Nonprofit Charitable Giving Incentives
Background on Charitable Giving Advocacy
Charitable Giving Incentives
Many performing arts organizations are classified as 501(c)(3) tax-exempt organizations just like thousands of other nonprofits in education, human services, and the full array of organizations. Without this exemption and the deductibility of private donations, nonprofit performing arts organizations and many other charitable organizations will now be unable to serve community needs.
- Charitable giving incentives are an investment in the public good. These incentives encourage donors to give more, benefitting millions of people who access services provided by nonprofit arts organizations.
- Approximately 40% of nonprofit performing arts organizations’ revenue comes from comes from charitable giving. This support is vital as ticket sales alone do not cover the costs of artistic presentations and educational and community programming.
- Recent changes (please see our December 2017 Action Alert, regarding proposed budget) to the charitable tax deduction will reduce giving, limiting core services and public access. Tax law impacts what, when, and how much donors give.
See the Charitable Giving Issue Brief for more details
IRA Charitable Rollover
The IRA Rollover allows donors age 70 ½ and older to make tax-free charitable gifts directly from their Individual Retirement Account (IRA) funds to charitable organizations. Donors may give up to $100,000. Known as an “extender,” Congress has been extending this tax incentive on a year-by-year basis, resulting in uncertainty for both donors and charities.
In December 2015, Congress passed the Protecting Americans from Tax Hikes (PATH) Act making the IRA Charitable Rollover a permanent charitable giving incentive along with other tax extenders. President Obama signed the PATH Act into law on December 18, 2015.

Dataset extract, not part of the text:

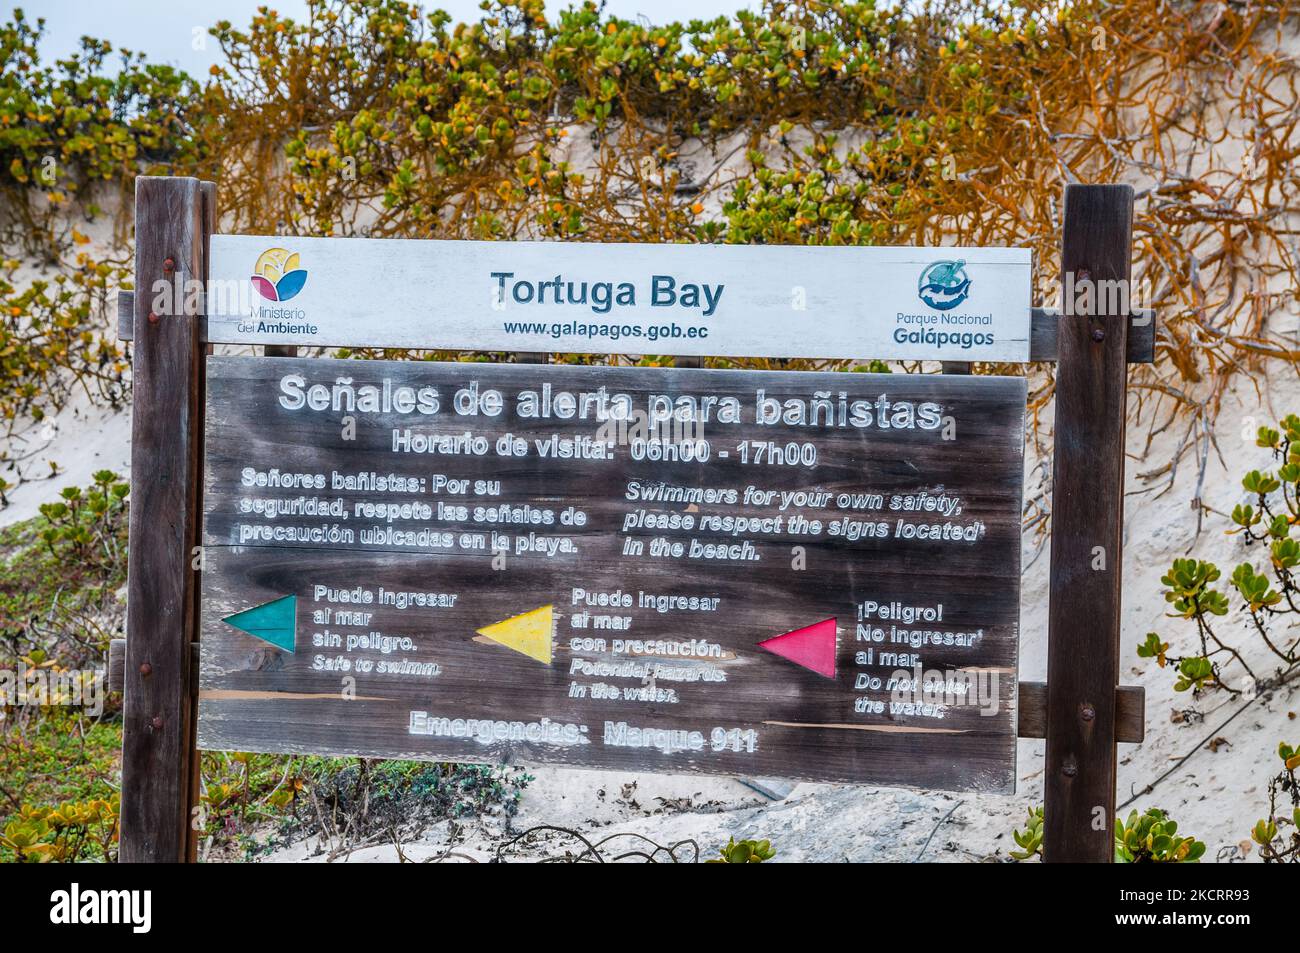 Swimmers safety signals, Tortuga Bay, October, Santa Cruz, Galapagos Islands Stock Photo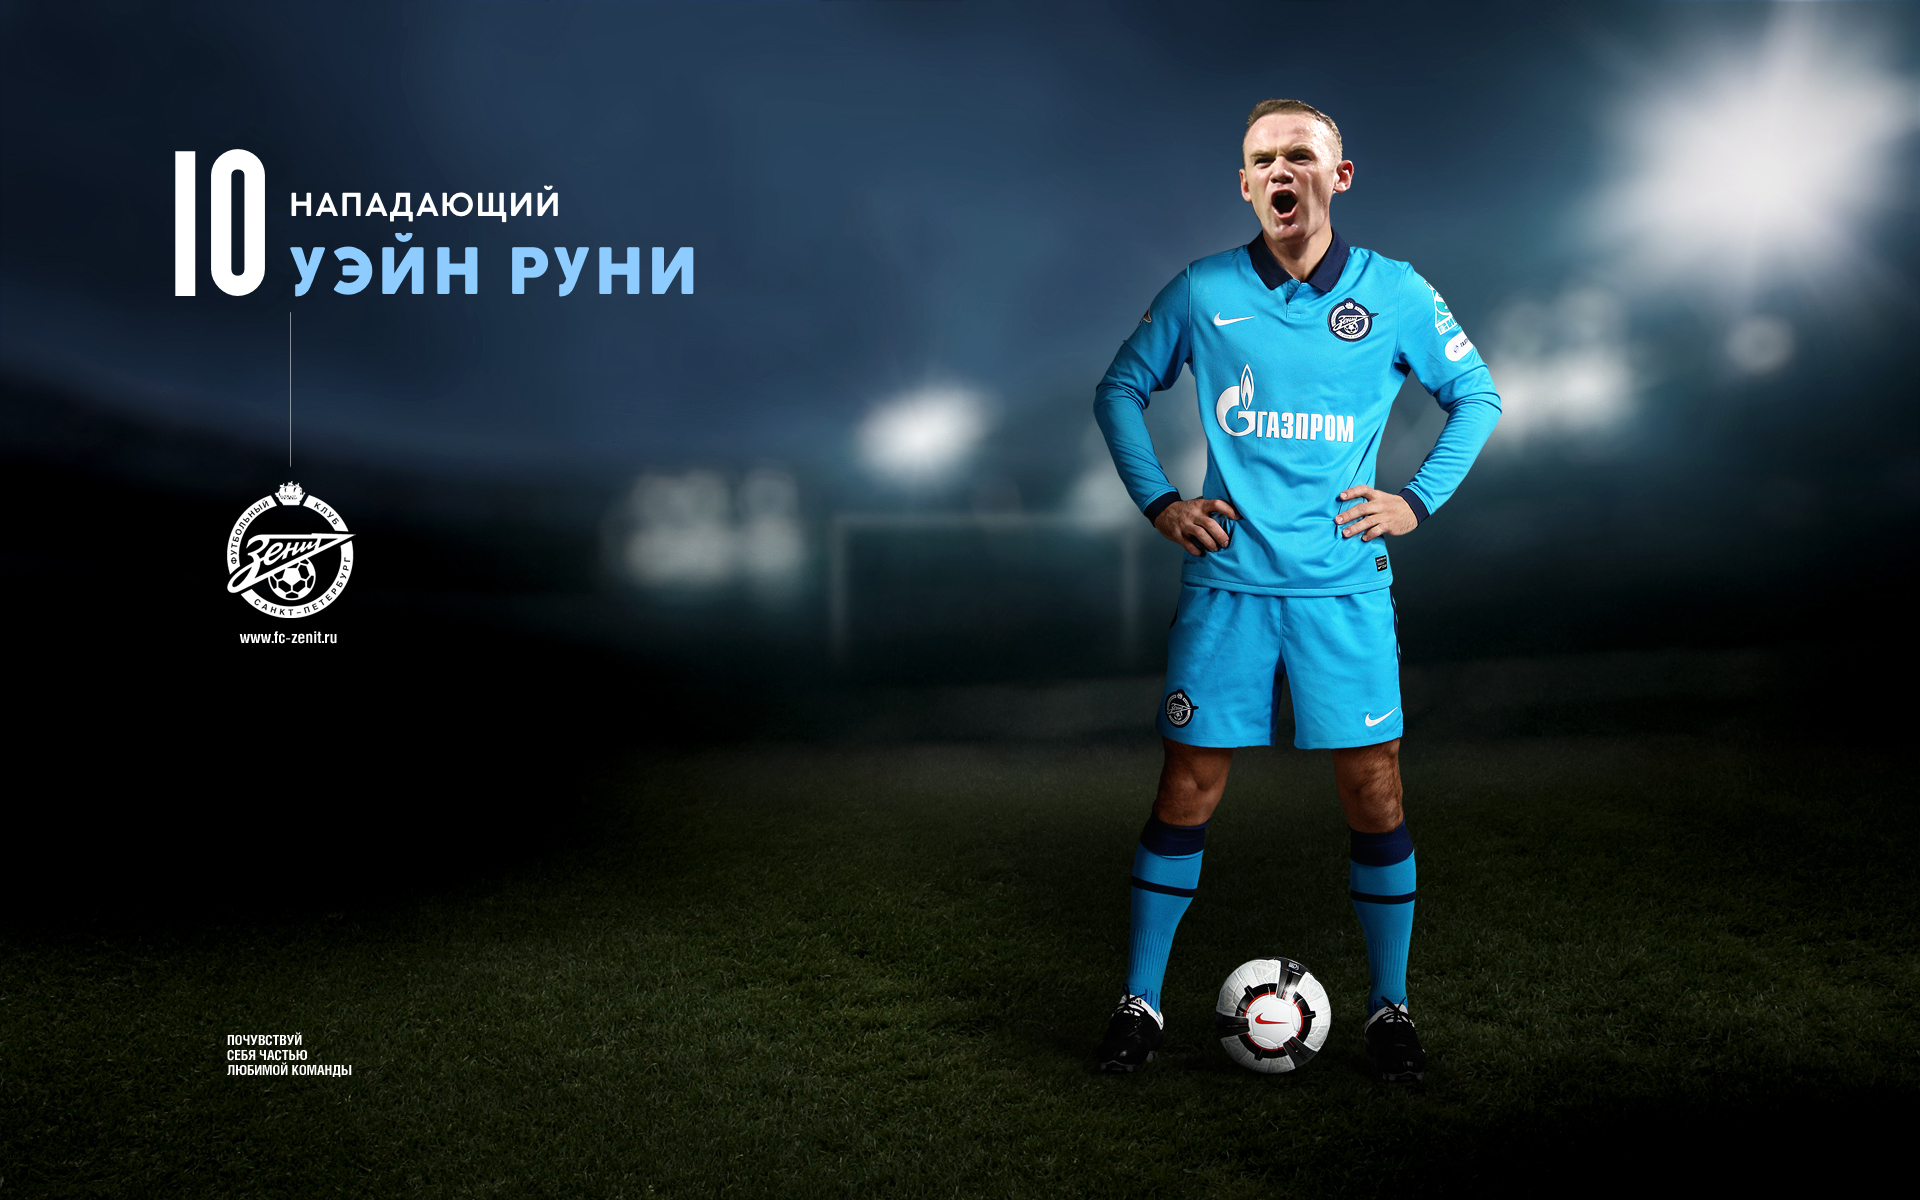 Вејн Руни потписује уговор вредан 50 милиона евра са „Зенитом“ из Санкт Петербурга.

Artists Fair Market Deduction
The artist fair market deduction bill, also known as the Artist Museum Partnership Act, would allow artists to take a fair-market value deduction for works donated to nonprofit institutions. Currently, artists (including writers, musicians, visual artists, and scholars) only receive a deduction based on the cost of materials even though posthumous donations of the very same work are eligible for a fair-market deduction.
What We're Asking For Right Now
- Reinstate and expand incentives for charitable giving by enacting a universal charitable deduction available for all tax payers.
- Ensure that tax policy changes will ensure nonprofit nonpartisanship and strengthen the capacity of the arts sector to support communities.